Numbers of ducts per mouse were counted in six distinct sections using a 20× high-power field. The length (in µm) of endometrial epithelial cells per mouse was measured in six sections using five distinct regions of the internal lumen. IHC images were analyzed with QuPath version 0.2.0 software (https://qupath.github.io/). IHC staining was quantified as the product of percent positive cells per section × staining intensity in optical density (H score). Statistical analyses for immunohistochemical studies were performed in GraphPad Prism version 9.0 (GraphPad Software) using one-way ANOVA.

Messenger RNA in situ hybridization

In situ hybridization was performed with the RNAscope Intro Pack for Multiplex Fluorescent Reagent Kit v2-Mm from Advanced Cell Diagnostics according to the manufacturer’s protocol. Briefly, FFPE sections were deparaffinized with xylene and rehydrated with alcohol. The sections were hybridized at 40 °C for 2 h with the RNAscope Probe-Mm-Igf1 that is specific for mouse Igf1 mRNA (Advanced Cell Diagnostics), and the signal was visualized with RNAscope fluorescent reagents. Sections were counterstained with ProLong Gold Antifade Reagent (Life Technologies) before dehydrating, and coverslips were affixed with Permount (Thermo Fisher Scientific). Images were acquired with a Leica SP8X STED/confocal microscope using Leica Application Suite X (version 3.7) acquisition software. Images were acquired as Z stacks (1 µm) using the Piezo Z stage.

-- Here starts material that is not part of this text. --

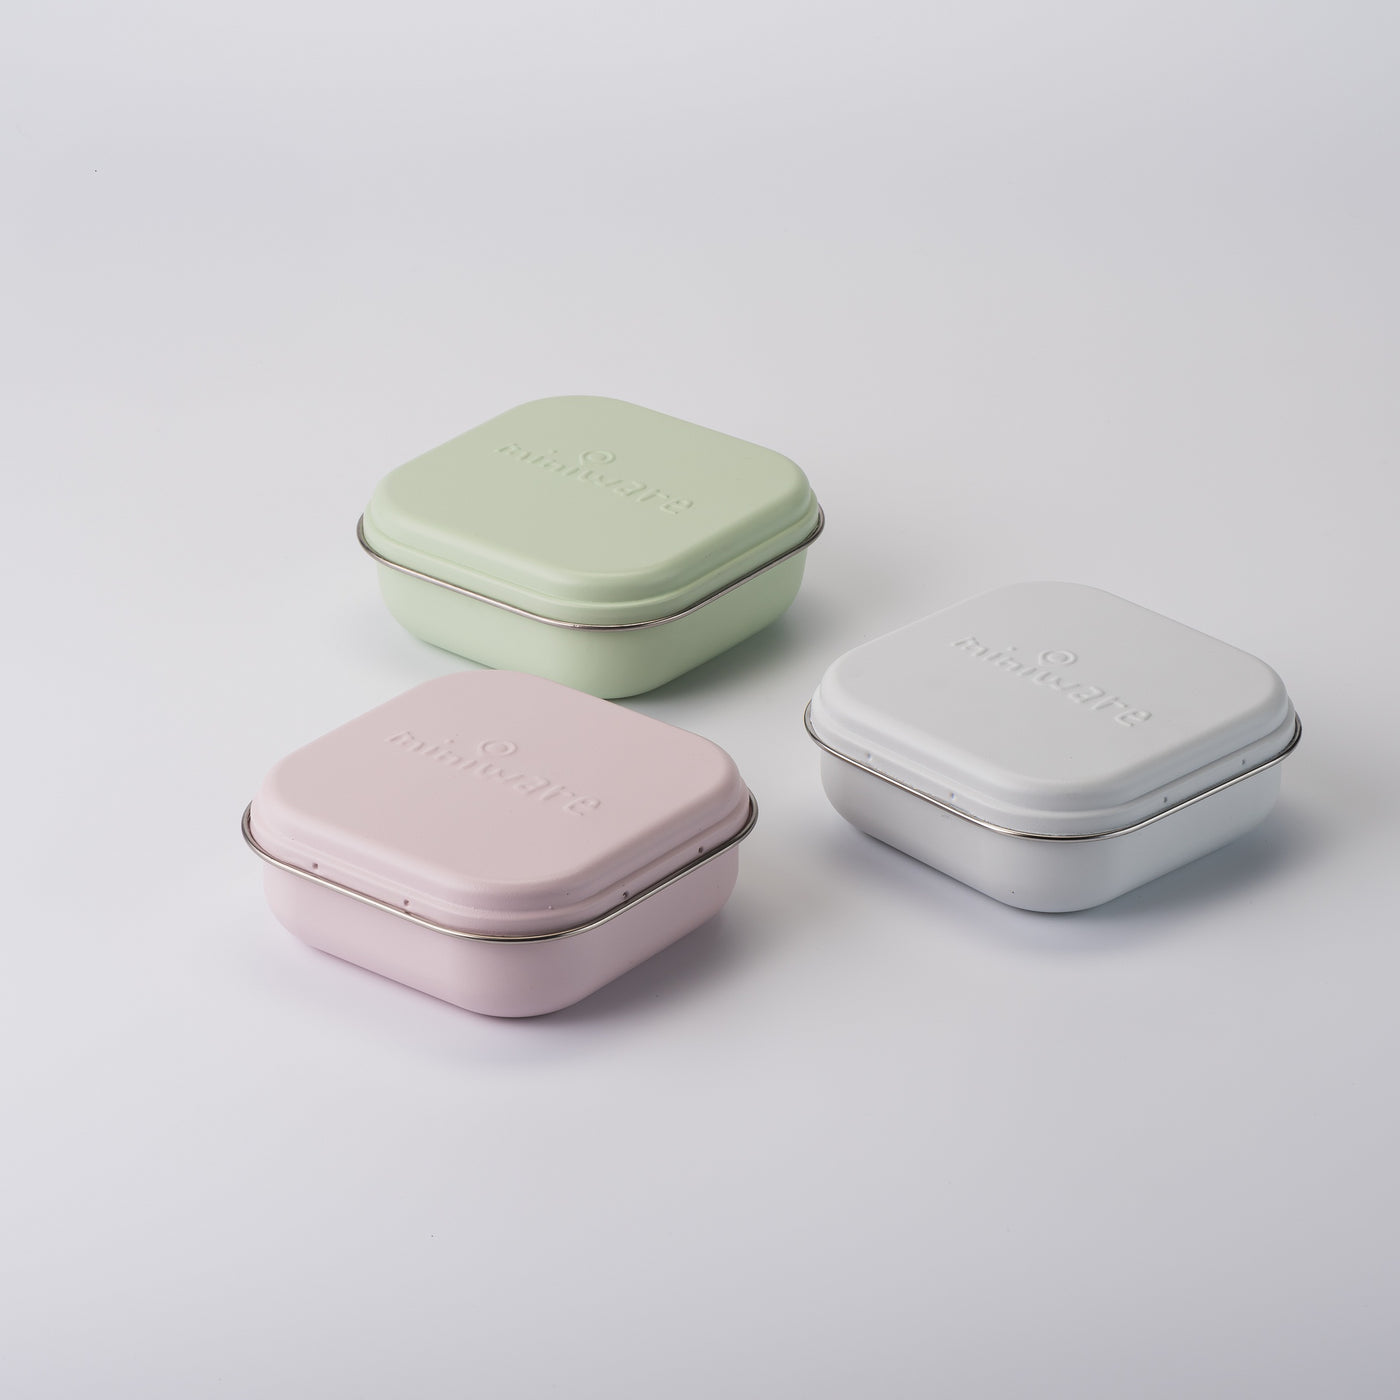 Bento Lunch Box with 2 silipods - White | Miniware

RNA extraction and quantitative PCR with reverse transcription

Total RNA was isolated using TRIzol (Life Technologies) and the RNeasy Mini Kit (Qiagen) according to the manufacturer’s instructions. To test the purity of epithelial cells, we used quantitative PCR with reverse transcription and primers summarized in Supplementary Table 15. mRNA was retrotranscribed using the High-Capacity cDNA Reverse Transcription Kit (Applied Biosystem), and detection was accomplished using the Roche LightCycler 480 Real-time PCR system in combination with the Power SYBR Green PCR Master Mix (Life Technologies).

RNA sequencing

RNA-seq libraries were made after enrichment with oligo(dT) beads. First, mRNA was randomly fragmented by adding fragmentation buffer. Next, cDNA was synthesized using mRNA template and random hexamer primers, after which a custom second-strand synthesis buffer (Illumina), dNTPs, RNase H and DNA polymerase I were added to initiate second-strand synthesis. After a series of terminal repair, A ligation and sequencing adaptor ligation, the double-stranded cDNA library was completed through size selection and PCR enrichment. Samples were sequenced on an Illumina NextSeq 500 instrument (libraries generated and sequencing performed at Novogene).

RNA sequencing analysis

RNA-seq analysis was performed using the VIPER analysis pipeline (version 1.41.0)¹⁰⁶. Alignment to the hg19 human genome was accomplished using STAR version 2.7.0f followed by transcript assembly using cufflinks version 2.2.1 (ref. ¹⁰⁷) and RSeQC version 2.6.2 (ref. ¹⁰⁸). Differential expression analysis was carried out using DESeq2 version 1.18.1 (ref. ¹⁰⁹). Pathway analysis was carried out using Enrichr (https://maayanlab.cloud/Enrichr/) and applying MsigDB oncogenic signatures¹⁰².

Reporting summary

Further information on research design is available in the Nature Portfolio Reporting Summary linked to this article.